Another legend related that, when Plato was an infant, bees settled on his lips while he was sleeping: an augury of the sweetness of style in which he would discourse about philosophy. Ariston appears to have died in Plato’s childhood, although the precise dating of his death is difficult. (BEd 2nd Year Life Sketch of Plato Study Material Notes)

Perictione then married Pyrilampes, her mother’s brother, who had served many times as an ambassador to the Persian court and was a friend of Pericles, the leader of the democratic faction in Athens. (BEd 2nd Year Life Sketch of Plato Study Material Notes)

Pyrilampes had a son from a previous marriage, Demus, who was famous for his beauty. Perictione gave birth to Pyrilampes’ second son, Antiphon, the half-brother of Plato, who appears in Parmenides. (BEd 2nd Year Life Sketch of Plato Study Material Notes)

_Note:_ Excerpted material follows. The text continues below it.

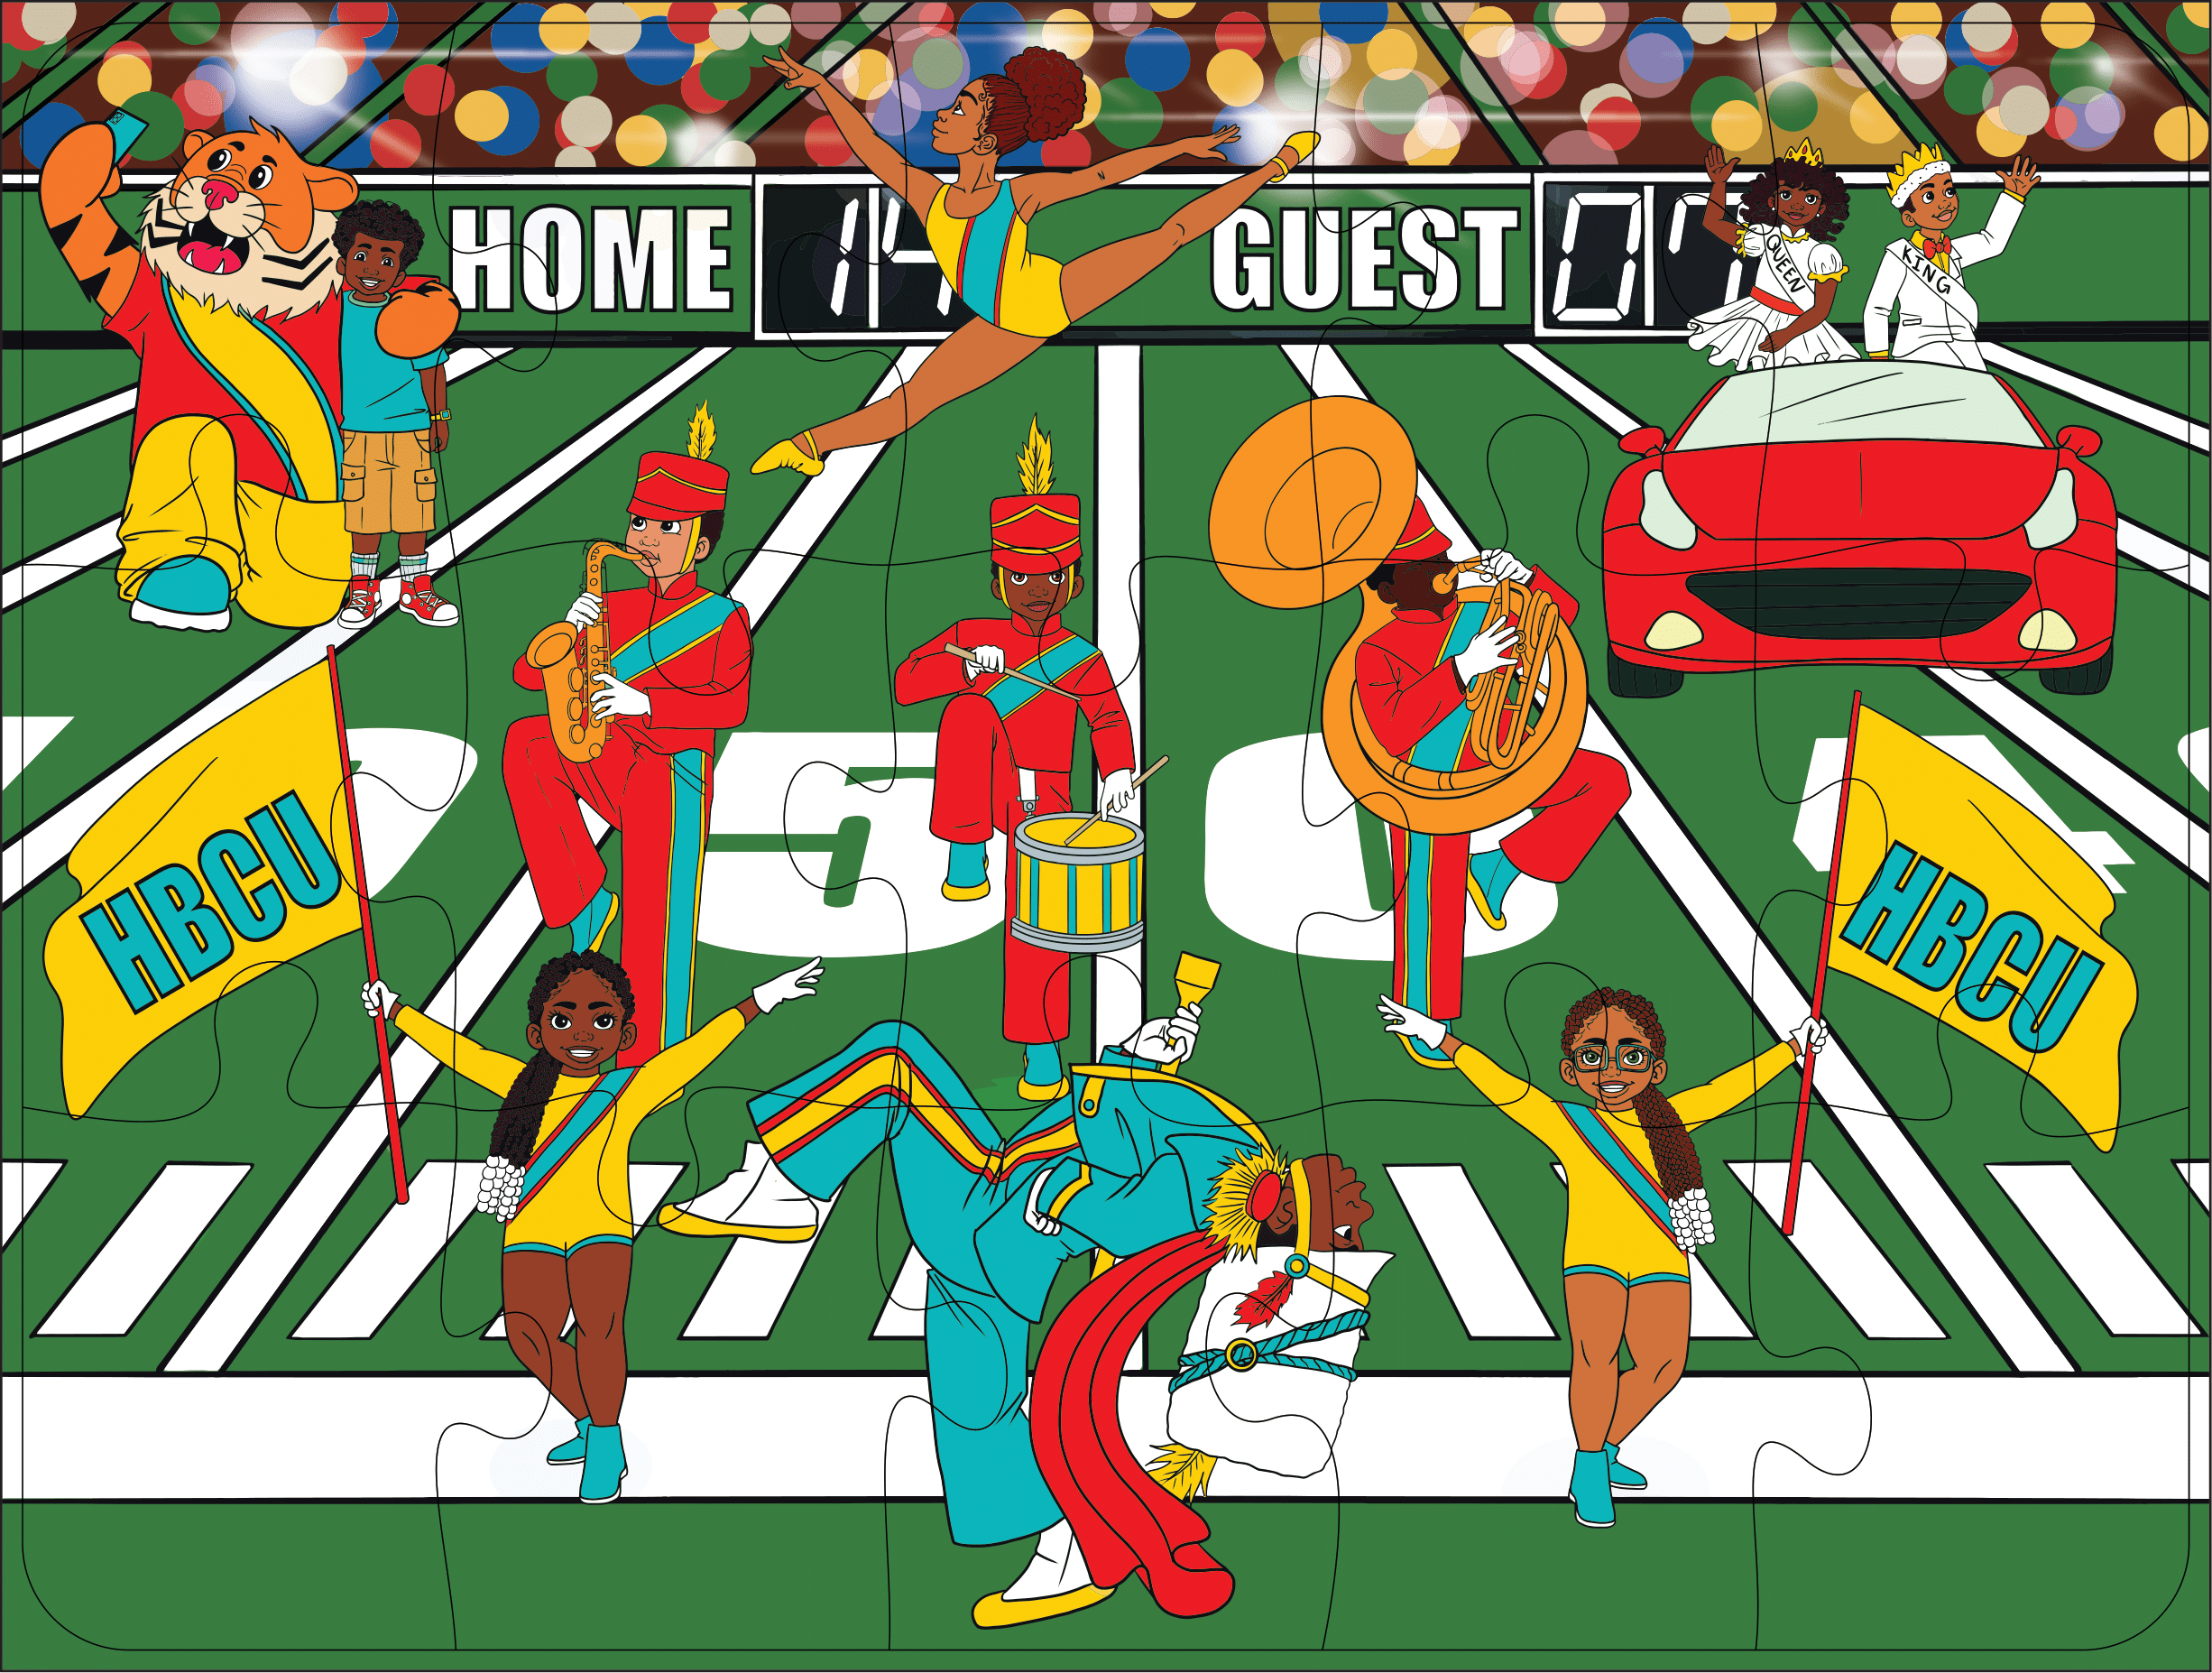 HBCU Homecoming Puzzle (15 pieces)

In contrast to reticence about himself, Plato often introduced his distinguished relatives into his dialogues or referred to them with some precision: Charmides has a dialogue named after him; Critias speaks in both Charmides and Protagoras, and Adeimantus and Glaucon take prominent parts in the Republic. (BEd 2nd Year Life Sketch of Plato Study Material Notes)

These and other references suggest a considerable amount of family pride and enable us to reconstruct Plato’s family tree.

According to Burnet, “the opening scene of the Charmides is a glorification of the whole [family] connection. Plato’s dialogues are not only a memorial to Socrates but also the happier days of his own family.”